O sucesso do tratamento da mastite canina depende de cuidados contínuos e da condução clínica adequada. A equipe da Gold Lab Vet oferece suporte integral, com consultas veterinárias, monitoramento da evolução do quadro e ajustes terapêuticos individualizados, garantindo bem-estar e recuperação segura para sua cadela.
Perguntas frequentes sobre mastite canina
Quando surgem os primeiros sinais de mastite canina, é comum o tutor se deparar com inchaço, rejeição à amamentação e muitas incertezas. Cada cadela pode reagir de forma diferente, e entender melhor a situação ajuda a tomar decisões rápidas e cuidar da saúde dela com mais confiança.
Como identificar os primeiros sinais de mastite em cadelas?
Os primeiros sinais incluem inchaço, vermelhidão e aumento da temperatura nas mamas afetadas, além de alterações no comportamento da cadela, como desconforto ao amamentar e perda de apetite.
Quais exames são necessários para diagnosticar a mastite canina?
O hemograma veterinário é fundamental para detectar infecções, enquanto o ultrassom ajuda a avaliar a extensão da inflamação nas glândulas mamárias. A cultura e antibiograma são essenciais para identificar o agente causador e determinar o antibiótico mais eficaz.
Como tratar a mastite em cadelas em casa?
Embora o tratamento deva ser orientado por um veterinário, em casa pode-se aplicar compressas mornas nas áreas afetadas duas vezes ao dia para reduzir o inchaço e aliviar a dor. Manter uma rigorosa higiene das mamas também é crucial para prevenir reinfecções.
Quando é necessário separar os filhotes da mãe com mastite?
A separação dos filhotes é recomendada quando várias glândulas mamárias estão afetadas, se o medicamento prescrito for contraindicado para recém-nascidos, ou se a cadela estiver gravemente doente.

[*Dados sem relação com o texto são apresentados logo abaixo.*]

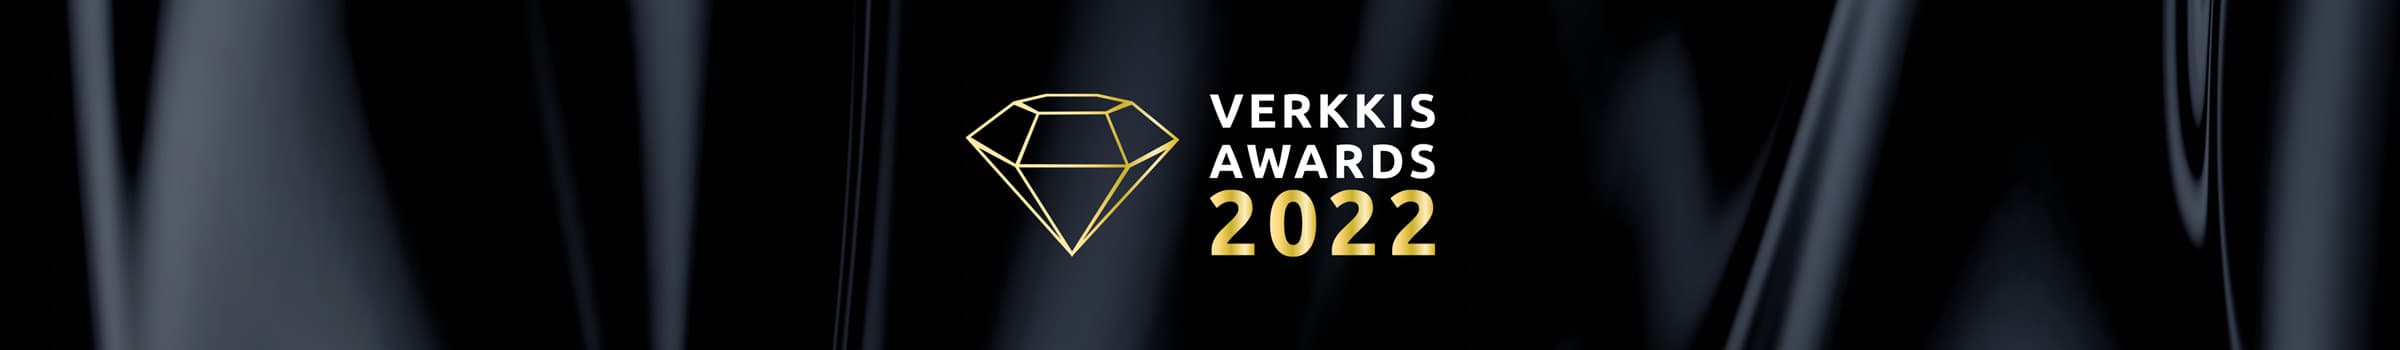 Verkkis Awards 2022

Nestes casos, a alimentação com mamadeira torna-se necessária.
Qual é o tempo médio de recuperação da mastite canina?
Com tratamento adequado, a melhora do quadro clínico geralmente ocorre em 2 a 3 semanas. Durante este período, é importante manter a cadela bem hidratada, oferecer alimentação de alta qualidade e garantir repouso para uma recuperação completa.
Considerações finais sobre mastite canina
A mastite canina é uma inflamação que costuma se manifestar com inchaço, dor e calor nas mamas, mas pode evoluir rapidamente se não for tratada. Observar esses sinais logo no início permite agir a tempo e evitar complicações que colocam em risco a saúde da cadela e de seus filhotes.
Mesmo cadelas que não estão amamentando podem apresentar sintomas, como rejeição à amamentação, apatia ou alterações no leite. A mastite em cadela compromete não só o bem-estar da mãe, mas também a nutrição e o desenvolvimento adequado dos filhotes.
O acompanhamento veterinário é fundamental em todas as fases, especialmente quando surgem mudanças no comportamento, desconforto ao toque ou secreções anormais. Esse cuidado contínuo ajuda a garantir uma recuperação mais rápida e segura.
Adotar medidas preventivas no dia a dia, como manter a higiene das mamas e observar sinais discretos, faz toda a diferença. Com atenção e cuidado, é possível proteger sua cadela dos impactos da mastite canina e oferecer a ela mais qualidade de vida.